トイレに行く時間もない日々をすごしている
ぼくには時間がない。
本当は、こんな文章を書いているヒマもない。
仕事はいくらやっても減らないし、子どもたちはいくら大きくなっても新たな問題が勃発するし、それ以外の家事、両親の介護、ついでに自分の腰痛の治療…とにかく、やらないといけないことがたくさんあって、いつも時間がない、時間がない、と嘆きながら暮らしている。
なんでこんなに時間がないんだろうかとふと考えるに、要はスキマがないのだと思った。
オンライン会議の予定が次から次に入っていて、トイレに行く時間がない、という経験をしたことがあるのはぼくだけではないと思う。
あるいは訪問先での話が長くなってしまって、建物を出るやいなやイヤホンをつけて、移動しながら次のオンライン会議に入る…なんてこともしょっちゅうある。
そんなこんなで仕事がひと段落して、さあ帰宅して家の用事をしなくては、と電車に乗り込む。
そうだ、そこで本当は、ふう…と心を落ち着かせて、車窓の先の移り行く景色でも眺めていればいいのだ。

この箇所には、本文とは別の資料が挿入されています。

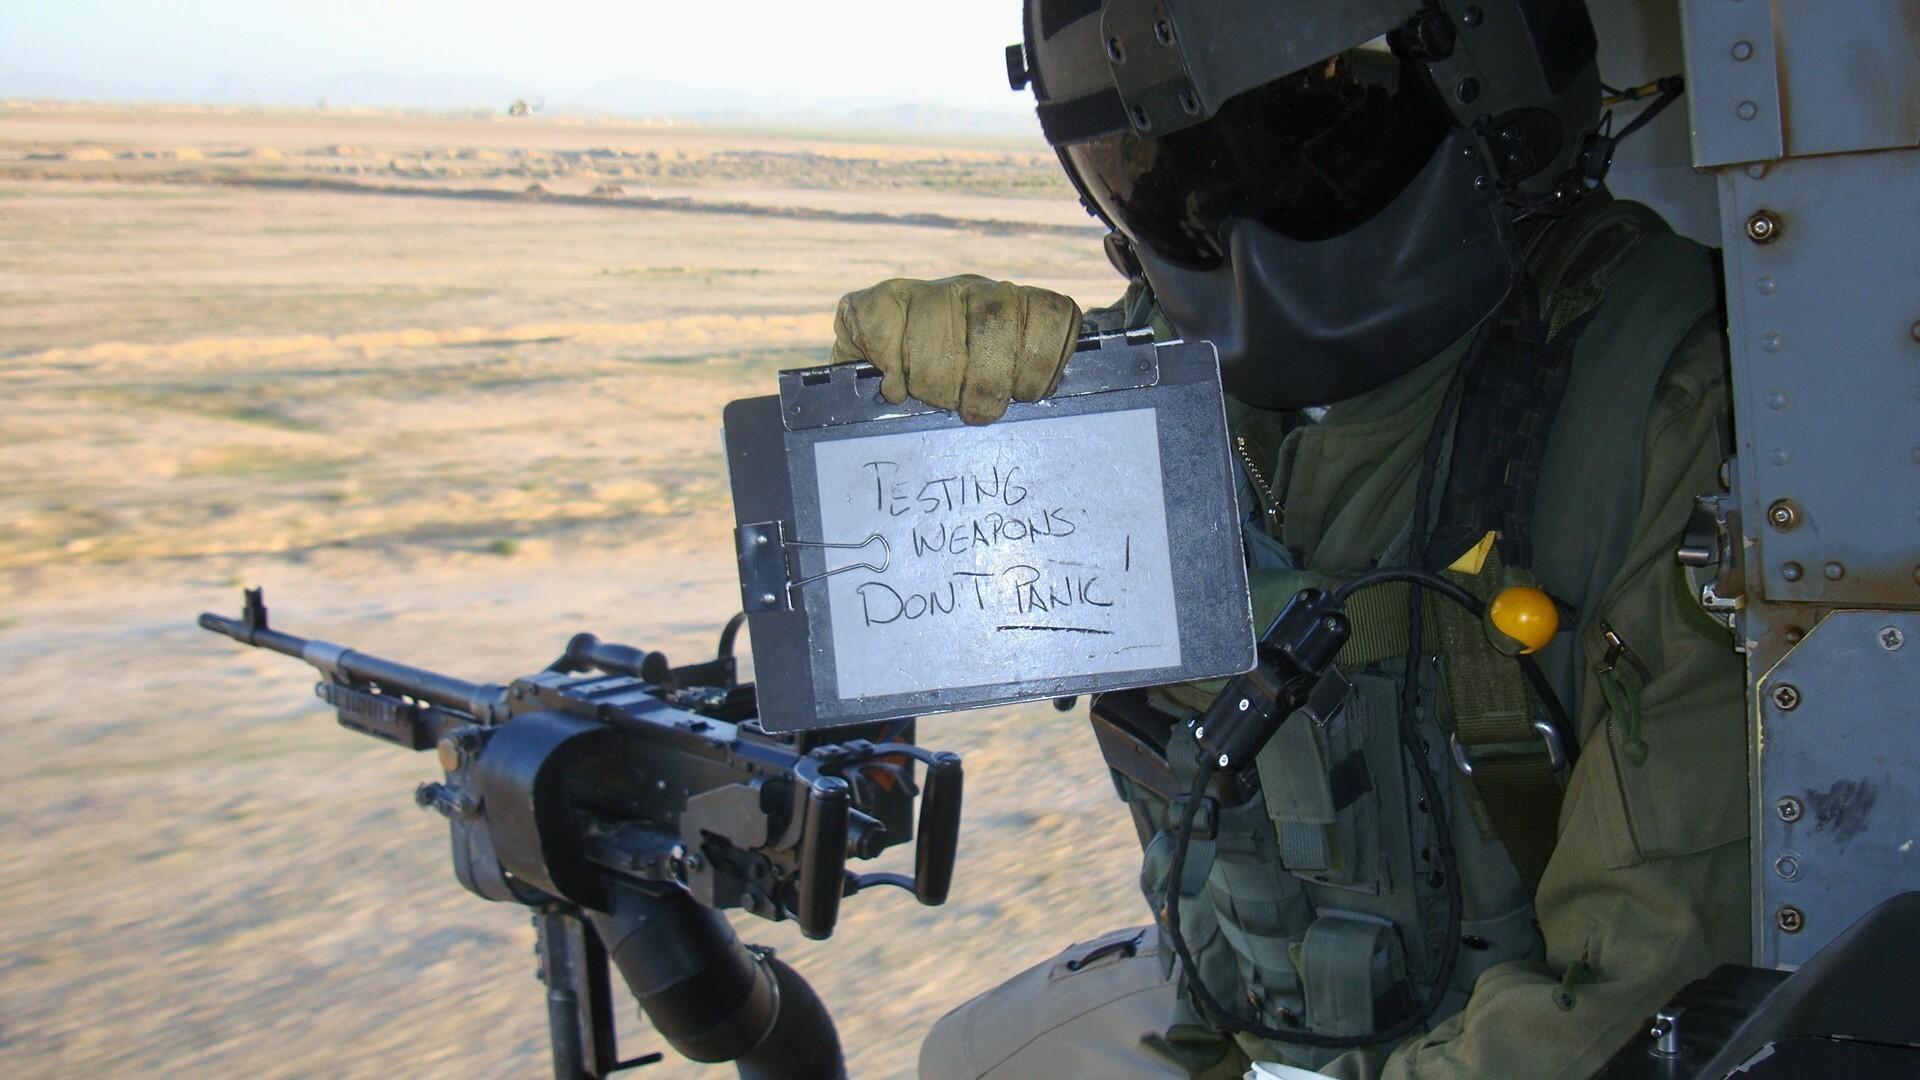 Recce Squad Hd Wallpapers: Fond D'écran : Humour, Soldat, Hélicoptères, Armée, Buteur

なのに、ぼくはスマホを手にして今日のニュースやら何やらを見始めてしまう。
色々と心をざわざわとさせる情報が入ってきて、ぼくはあれこれ考えてしまって、休むヒマがない。
帰宅してからは子どもたちの対応をして、それ以外の家の用事をして、そのスキマの時間で夕方までに飛んできている色々なメッセージを読んだり返事したりして、早く風呂に入れとか、早く寝ろとか子どもたちにギャーギャー言ってる自分が嫌になったりしているうちに一瞬で時はすぎていく。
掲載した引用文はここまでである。